All doctors would be paid by the same system so issues of choice would not come up. It would, in effect, extend the Medicare system for retirees to all Americans.

“It is the most efficient provider in the nation right now,” he says.

The Canadian single-payer system, he says, has reduced health care costs so that they are now one-half of those in the United States.

“There are complaints, sure, but Canadians would never give up their system for the non-system we have — who would? They do not have inferior quality of care.”

Dilliway argues that costs for private insurance companies are twice those of Medicare “because they have dividends to pay and all those clerks to hire.”

The issue at the heart of the debate is the risk pool. Medicare covers the elderly, the people most likely to need health care. If Medicare were extended to everyone, the pool would be expanded to include young as well as old, sick as well as healthy.

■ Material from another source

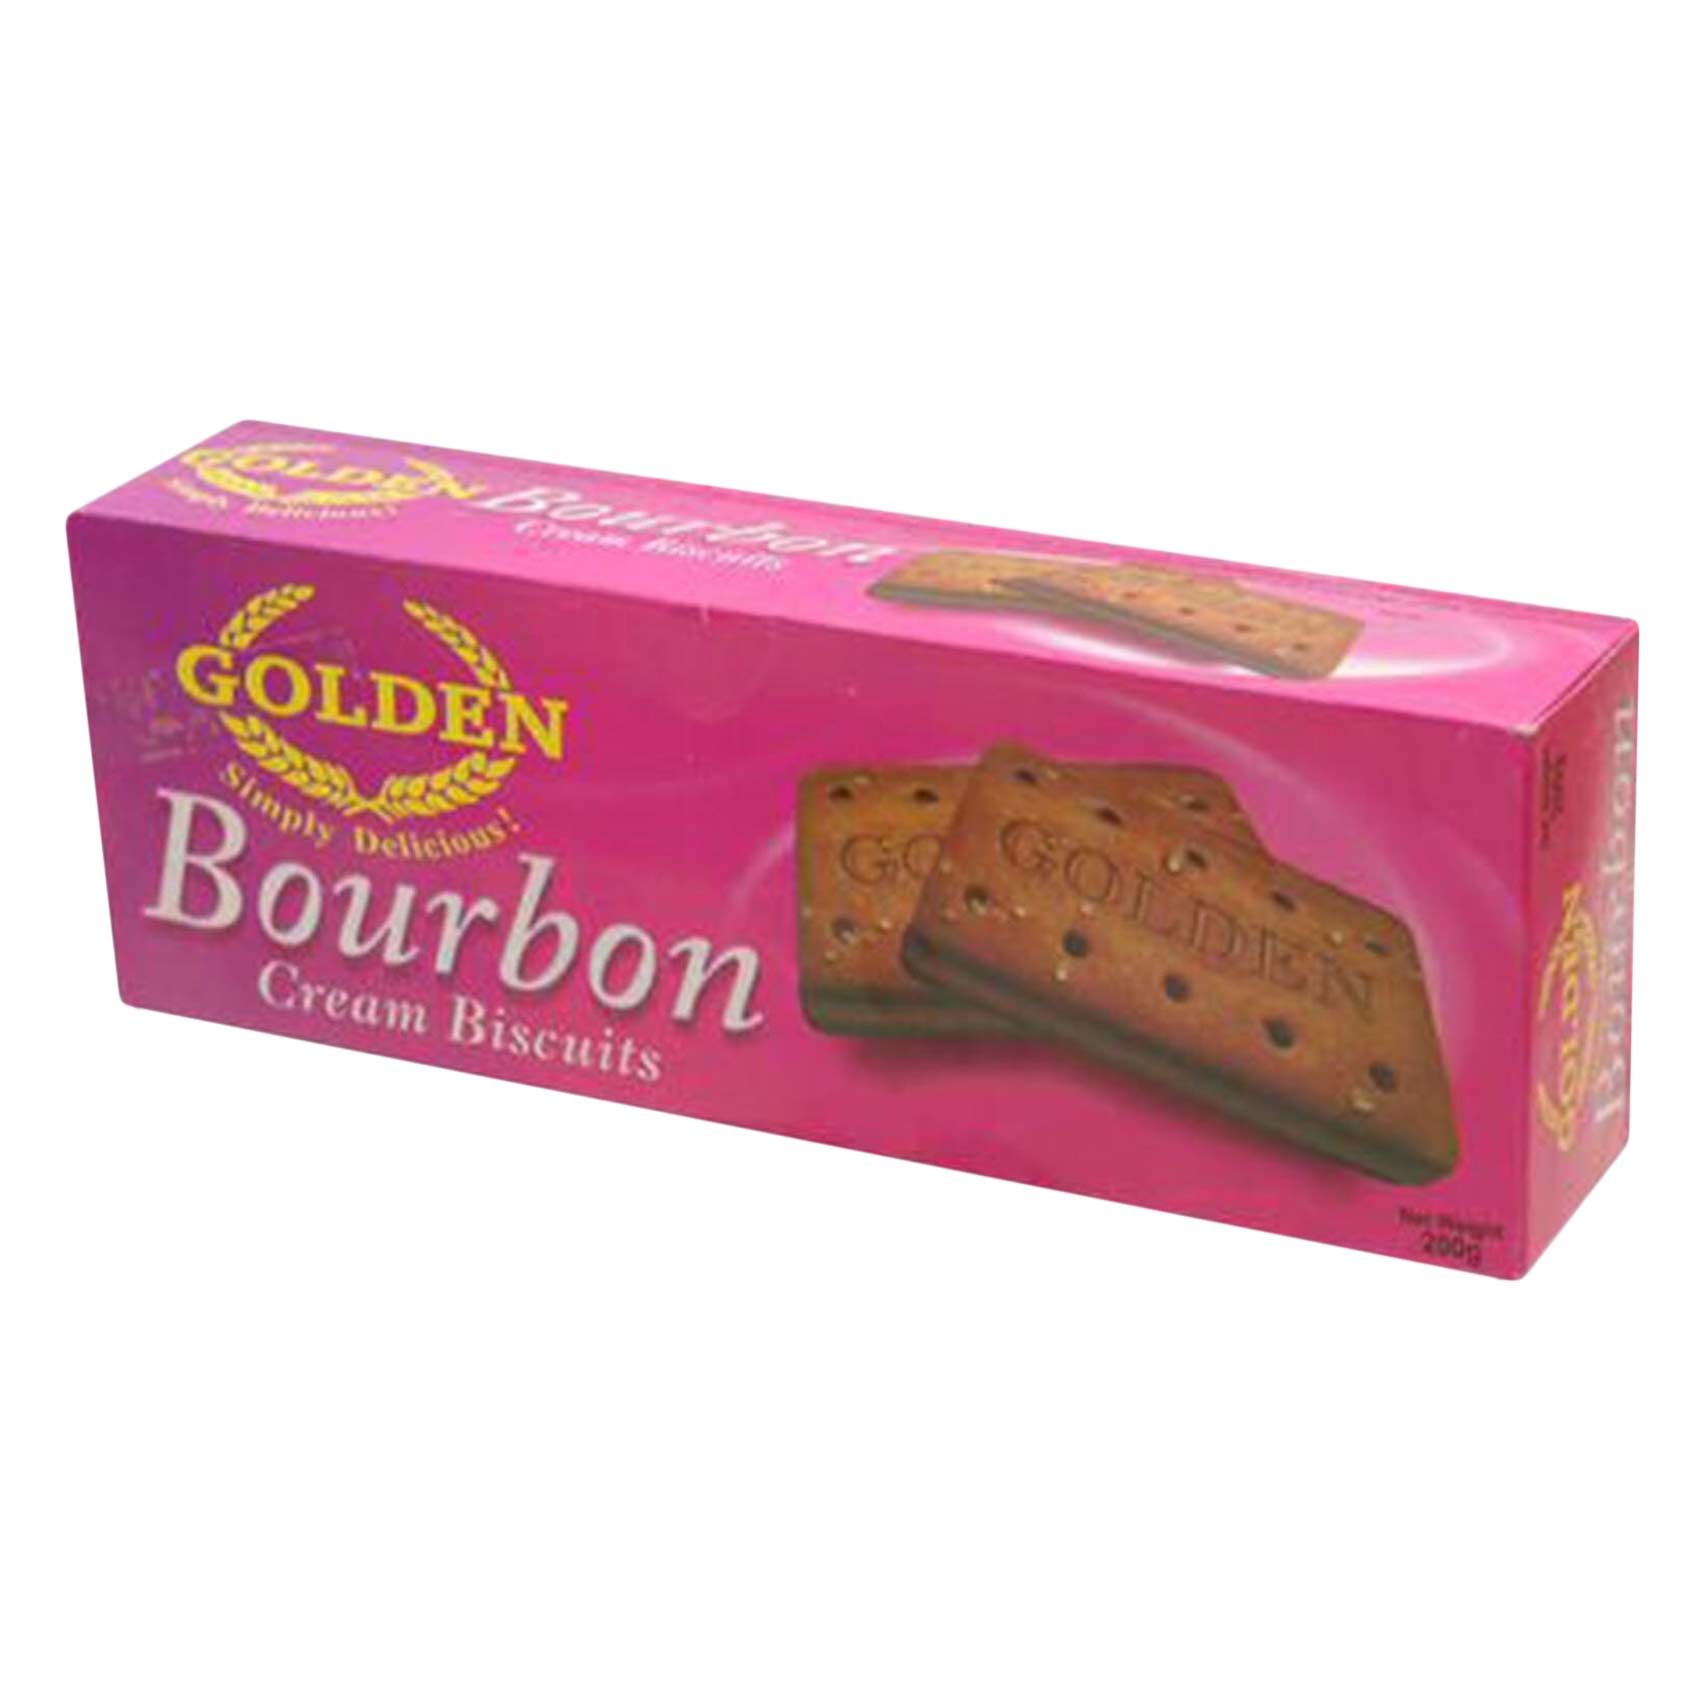 Golden Bourbon Cream Biscuits 200g

Insurance can be efficient to the extent it can spread the risk.

Keeping private insurers — even in a “marketplace” approach with a public option — would not allow for a large risk pool with low-risk insured, Dilliway says.

“The government is already paying for costly programs — it needs the rest of the population on board to keep per-capita costs down,” he says.

Dilliway cites polls suggesting majorities of both the general population and of physicians themselves favor a national insurance system.

He knows, however, that, without Obama’s support, single-payer doesn’t have much of a chance — at least this time around.

“The president doesn’t want to have that fight now.”